The storm inside her roared—but it was grief now, not just rage. It hollowed her out.

She turned her back to him again, needing the space, the air, the firelight.

"Why would the enemy send that message?" she whispered. "What do they gain from shattering us like this?"

Auren's voice came from behind, quiet and sharp. "Because they know you are my anchor."

That pulled her up short.

He stepped closer—not touching her, but close enough that his presence wrapped around her like a shadow.

"They know that without you, I become the monster they claim I am. And without me, you burn yourself alive for vengeance. Together, we are dangerous. Apart, we are vulnerable."

She hated that he was right.

She hated that part of her still trusted him—still needed him.

"Will you lie to me again?" she asked, voice trembling.

"No."

"Swear it."

"I swear it," he said. "On what's left of my soul."

Seraphina turned slowly. The firelight cast his face in flickering shades—monster, man, lover, traitor. She couldn't name what he was anymore.

But she saw something else in his eyes. Regret. And something rarer.

Fear.

"You're afraid," she said.

"Of you?" he asked with a bitter smile. "Always."

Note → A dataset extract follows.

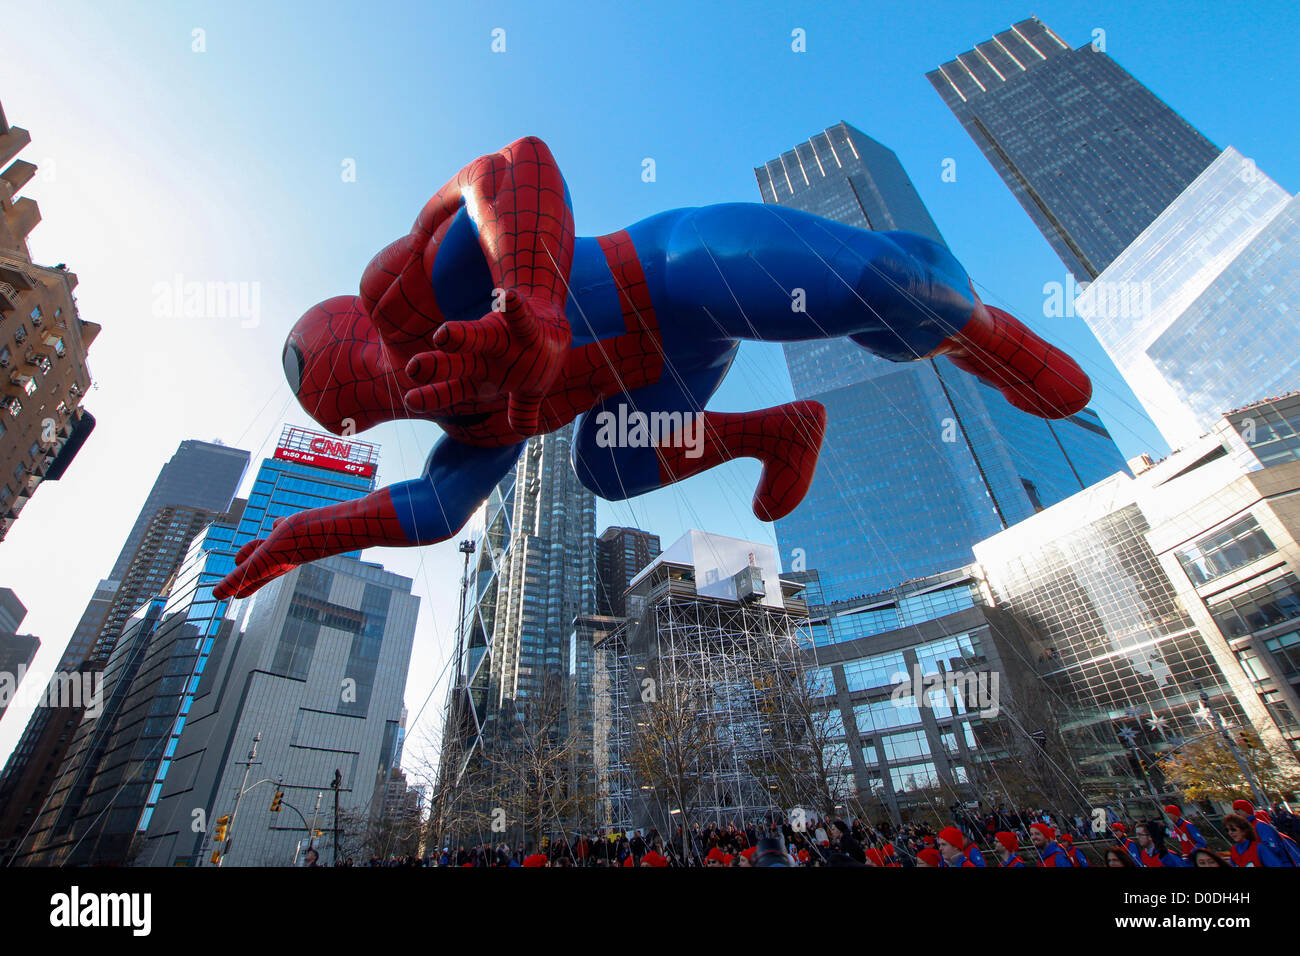 Spiderman balloon passes through Columbs Circle during Macy's Thanksgiving Day Parade in New York City, on Thursday, Nov. 22, 2012. Stock Photo

She reached past him and picked up the note. "If the Crown is reaching into the grave… then they know more about us than we think."

"They always have," Auren replied.

"But this—" She pointed to the ink. "This wasn't a bluff. Someone wanted me to know the truth."

And that meant someone in the enemy's ranks had access to secrets they shouldn't.

Memories.

Relationships.

Histories.

Someone was playing a deeper game.

"Then it's time we dig deeper," Auren said. "No more half-truths. No more shadows."

She nodded once.

But as they stood in uneasy silence, another knock sounded at the door.

This time, it was urgent.

Seraphina unbolted it.

A soldier stood panting in the hall, his face pale.

"My lady—Lord Veyric's war camp outside the eastern ridge—there's been an attack. No survivors. But they left something behind."

He held out a bundle.

Seraphina unwrapped it—and her breath vanished.

It was her father's war pendant. The one she had buried him with.

Fresh blood still stained the chain.

Someone is unearthing the dead—and they want Seraphina to know her past is far from buried.